Now sunset flared around the Vatican’s dome, the long shadow of its crown bending and stretching down toward the plaza, just as it had then. Shadows that matched the cardinal sketch Alisha held tightly in her hand. Look behind you. She fought the impulse for another moment or two, still watching the colors gleam and fade off the dome.
The scar under her collarbone throbbed, insistent bump of discomfort. Reminding her, she thought, that she was still alive. Reminding her how close she’d come to death.
It was easy to replay, standing there under the same light. Like a dream unwinding in her waking vision, the faces around her changed, becoming the visages of other strangers burned into her memory. An older woman with the enviable Mediterranean graying at the temples, chin held high and regal.
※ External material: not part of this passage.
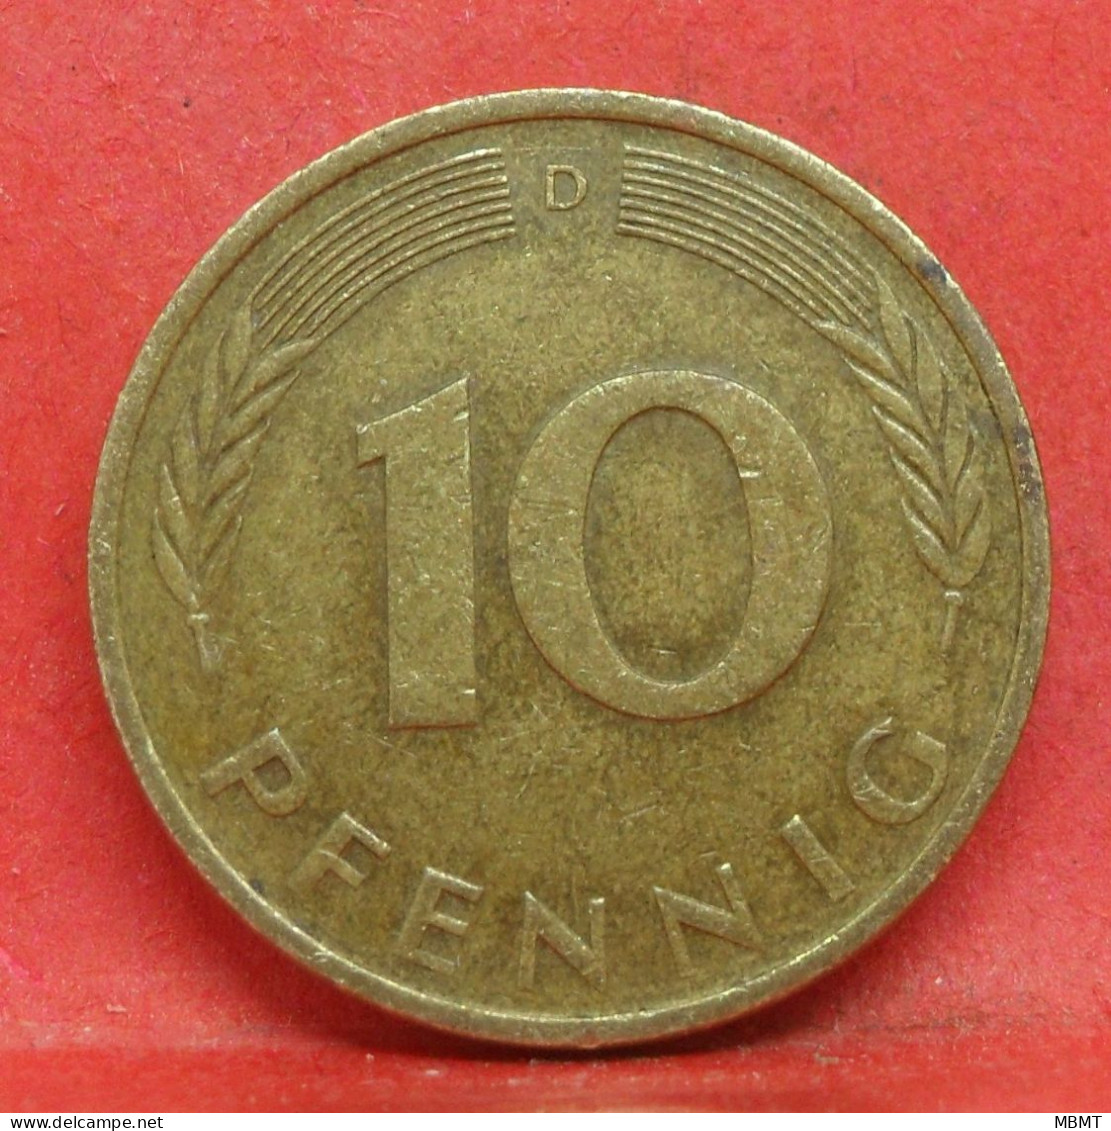 10 Pfennig 1972 D - TTB - Pièce Monnaie Allemagne - Article N°1496 - 10 Pfennig
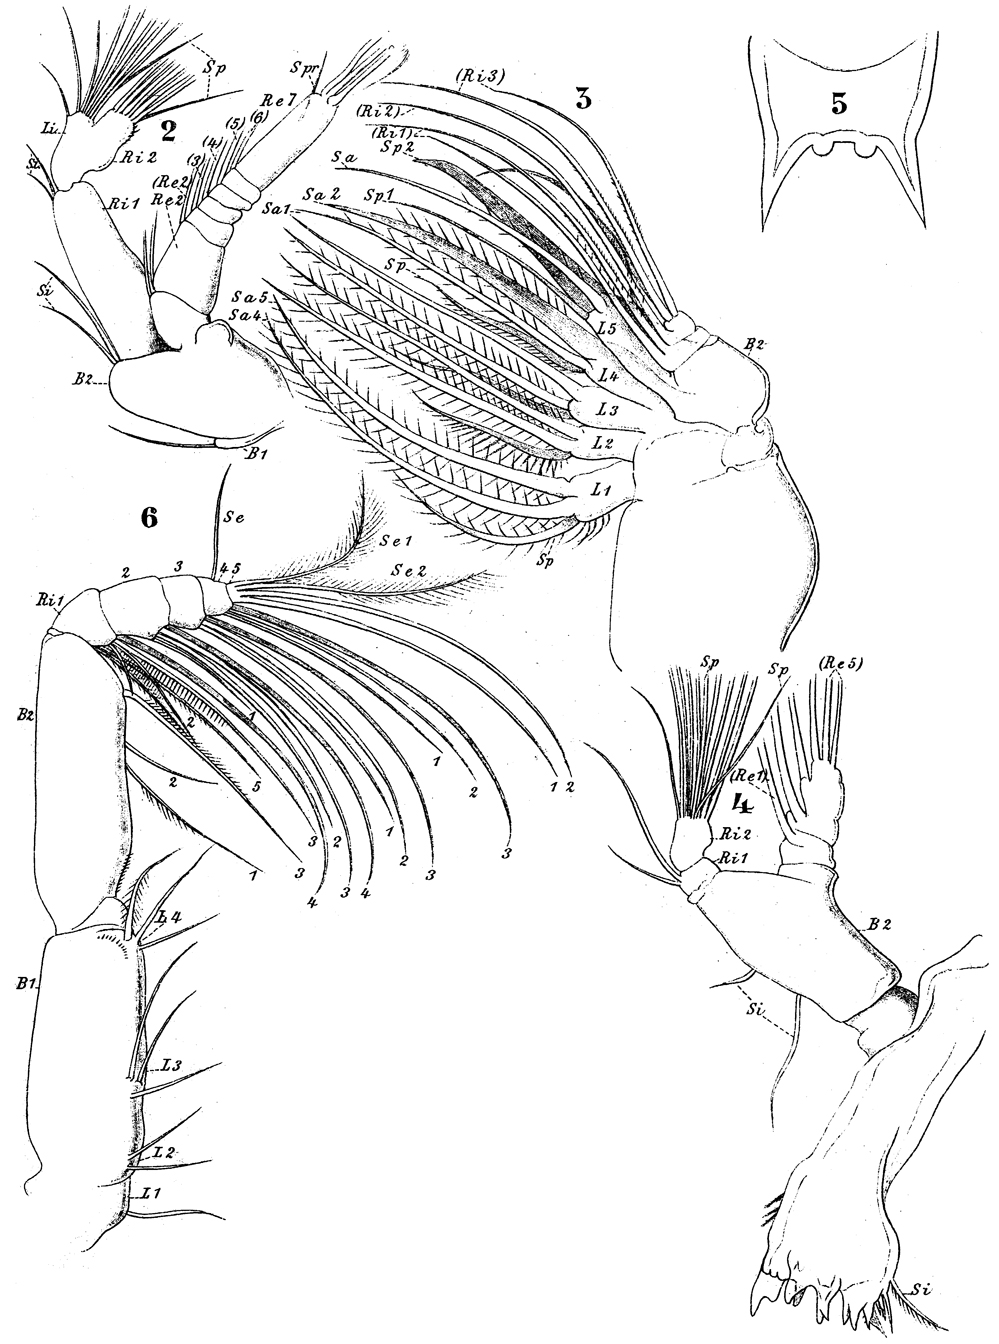 Species Aetideus giesbrechti - Plate 17 of morphological figures

A handsome man twenty years the woman’s junior, turning to watch her with admiration. A bevy of nuns, flocked together like black-headed birds, at odds with breathless teens wearing jeans cut low and shirts cut high. Five years after the fact, if any of them walked by Alisha on a city street, she would know them all with a pang of recognition that cut just above her heart.
Disturbance in the crowd: a thin man in the red robes of a cardinal, making his way against the flow of traffic. Ripples spread out, an opening and closing of the waters as people created space for the holy man, adjusting to his presence, then resuming their normal course as if nothing had bothered them. In moments he was at Alisha’s side, brushing against her: papers neatly folded into his palm slipped into hers instead, and then he was past. One step. Two steps.